It wouldn't have the appeal to broad audiences, it wouldn't have the firepower to create great international journalism or world-beating drama or achieve its public purposes: I see no public appetite for that.
Indeed, we know from our regular tracking research that the majority of people see an annual licence fee of £145.50 as value for money.
In Charter review, we want to test that in more depth, so that we start the negotiation from an informed position.
Before we arrive at any decisions, we should all have a much better understanding of the trade-offs that will have to be made, what audiences expect of the BBC and what they are willing to pay.
There is a lot to be confident about. But all the noise around the BBC can be a distraction. It is my job to push the BBC to be confident and connected with its audience in everything that it does.
This is an edited version of a speech, 'Confident and connected – a BBC fit for the future', given by Rona Fairhead, Chair of the BBC Trust, to the RTS at the British Museum on 3 February. The full speech can be watched or read here.
The evening was chaired by RTS President Sir Peter Bazalgette and produced by Sue Robertson.
Q&A
Should the BBC lead on diversity?
Q. Should the BBC take the lead on implementing diversity strategies?
A. I do agree that the BBC should lead on diversity. And I mean all levels of diversity – national and regional coverage, women and ethnic groups.

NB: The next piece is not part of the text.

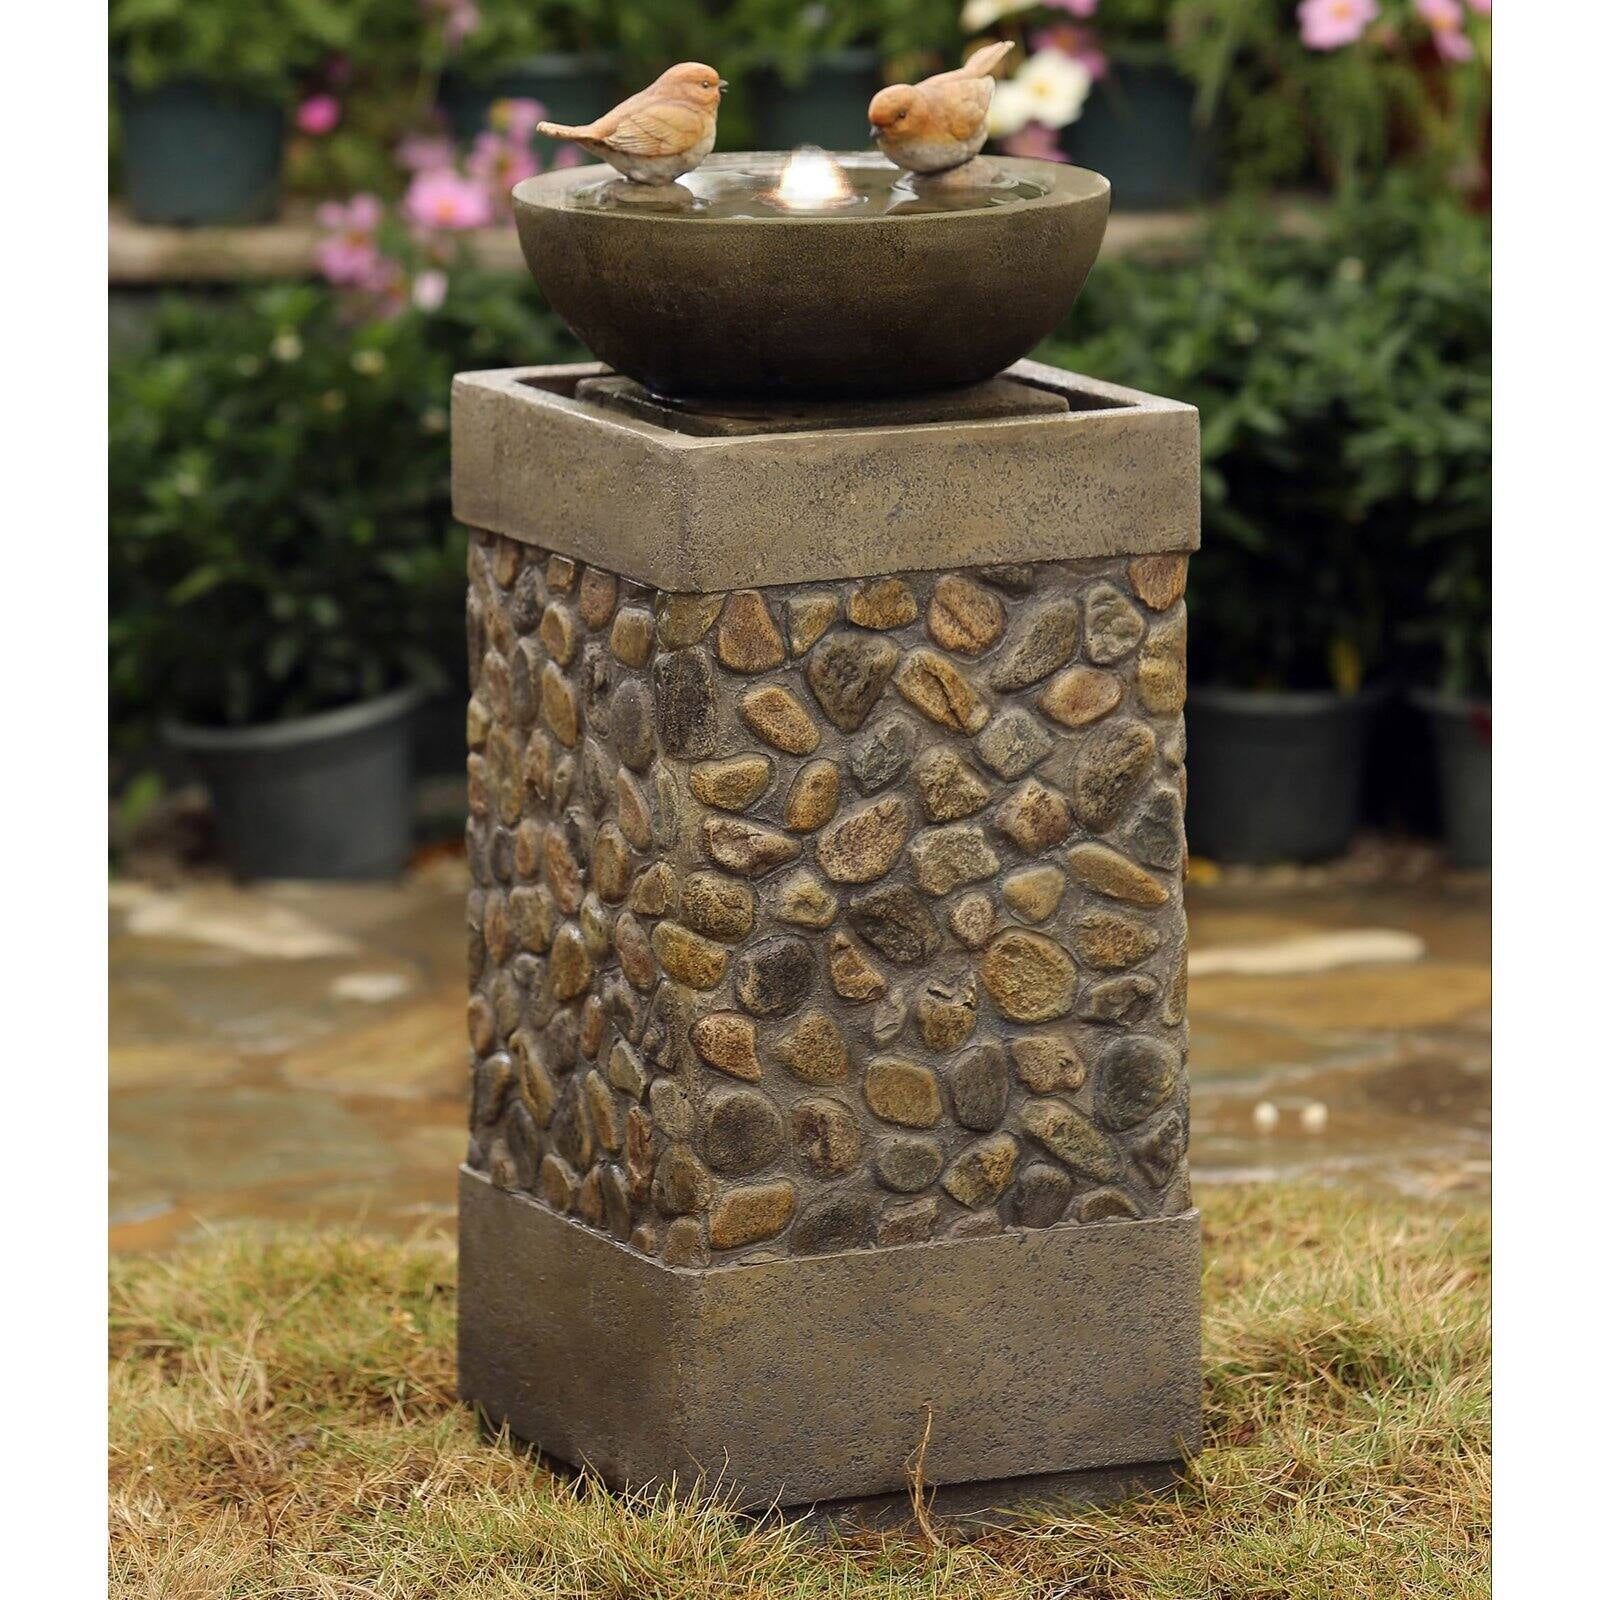 Details about   16 in Birdhouse Fountain w/ LED Lights

The Trust's role is to set targets and aims. This year, there was a particular objective: to increase the diversity and representation of women at the BBC. The organisation has taken some specific actions. It has done research, as well, to understand what the audience is looking for: is it just numbers or is it proper attribution and representation?

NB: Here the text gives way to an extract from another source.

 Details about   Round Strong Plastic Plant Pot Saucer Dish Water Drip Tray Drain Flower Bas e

In terms of a couple of examples of what the BBC has done when challenged, when it looked at the number of women presenters on air in breakfast radio and found that it was less than 20%, the DG set a target of increasing that to at least 50% by the end of the year. By October, it was 44%...

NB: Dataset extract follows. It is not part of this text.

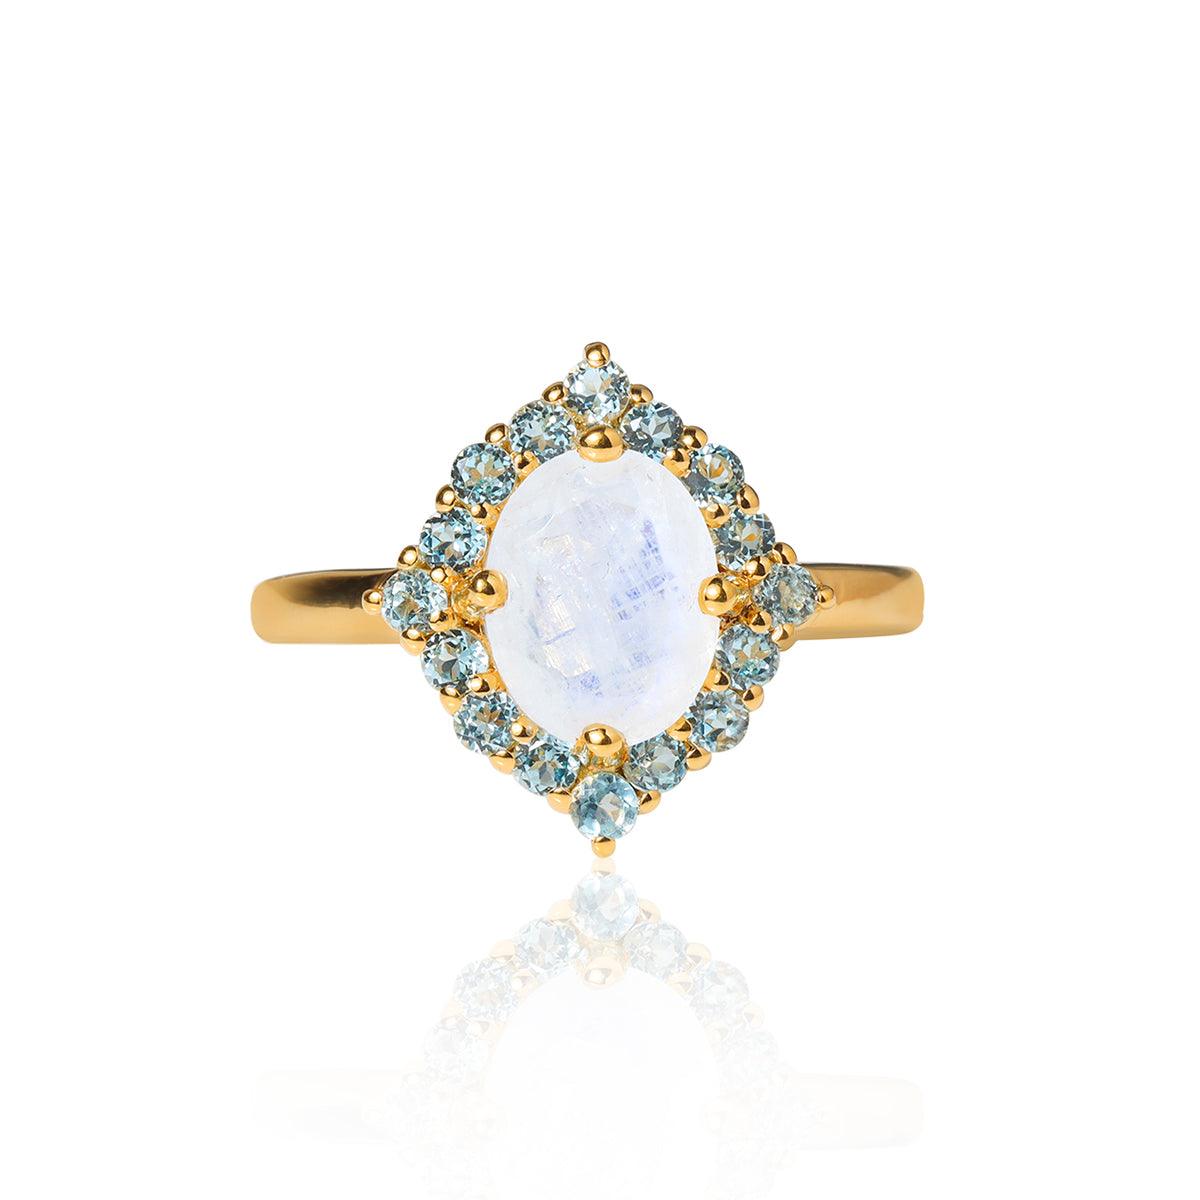 Rainbow Moonstone & Blue Topaz Ring in 14k Gold Over 925 Sterling Silver - YoTreasure

My personal view is that the Trust is right to make this challenge... We will be looking at evidence to see if we are leading or following.
Q. Sky, Channel 4 and ITV have laid out their stall on ethnic minorities. The BBC hasn't done so fully. What are you going to do to apply pressure to ensure that changes?
A. I haven't looked at the specifics by channel. I have looked at the percentages and representation on- and off-screen. That needs to be improved...
The BBC Executive Board has come forward with proposals and plans that it is implementing, including improving the focus on developing senior leadership positions.
Having been in a commercial organisation, I know that you can say that you're going to have diversity and then have someone come in at a relatively junior level [and find that] there is no support, there are no role models, there is no critical mass. That rarely produces a good outcome.
The BBC Executive has plans for building senior management talent. [These involve] supporting people through pipelines of 12-month development programmes, [aimed at] a number of individuals aligned with senior executives.
There's a creative fund to help focus on some of the ethnic minorities in programming. And a real understanding that there are targets set for a diverse population – black, Asian, minority ethnic – over the next few years.
I think you have to accept that it is something that will take some while to build. But we are definitely aiming at that target.
Does BBC power damage the press?
Q. Nobody understands better than you the model of the newspaper business and how it has changed. There are more than a few newspaper owners who feel very sore because they feel they can't get subscription businesses going due to the sheer power of the BBC.
You talk about a greater dialogue and sharing. Is that the answer and will that help them build subscription news businesses?
A. The BBC is a major market intervention. Its online news service is a very powerful and impressive service. This is hard to compete against.
Many newspapers are trying hard to find their way with a combination of subscription and advertising. Some of the local and regional press are particularly challenged.
In recent years, they have done a lot to give themselves greater strength. But I do think the BBC could do more, particularly to help the local and regional press, in terms of sharing relevant content and making sure that [it has] appropriate click-through, appropriate attribution and, where it is possible, that content is shared.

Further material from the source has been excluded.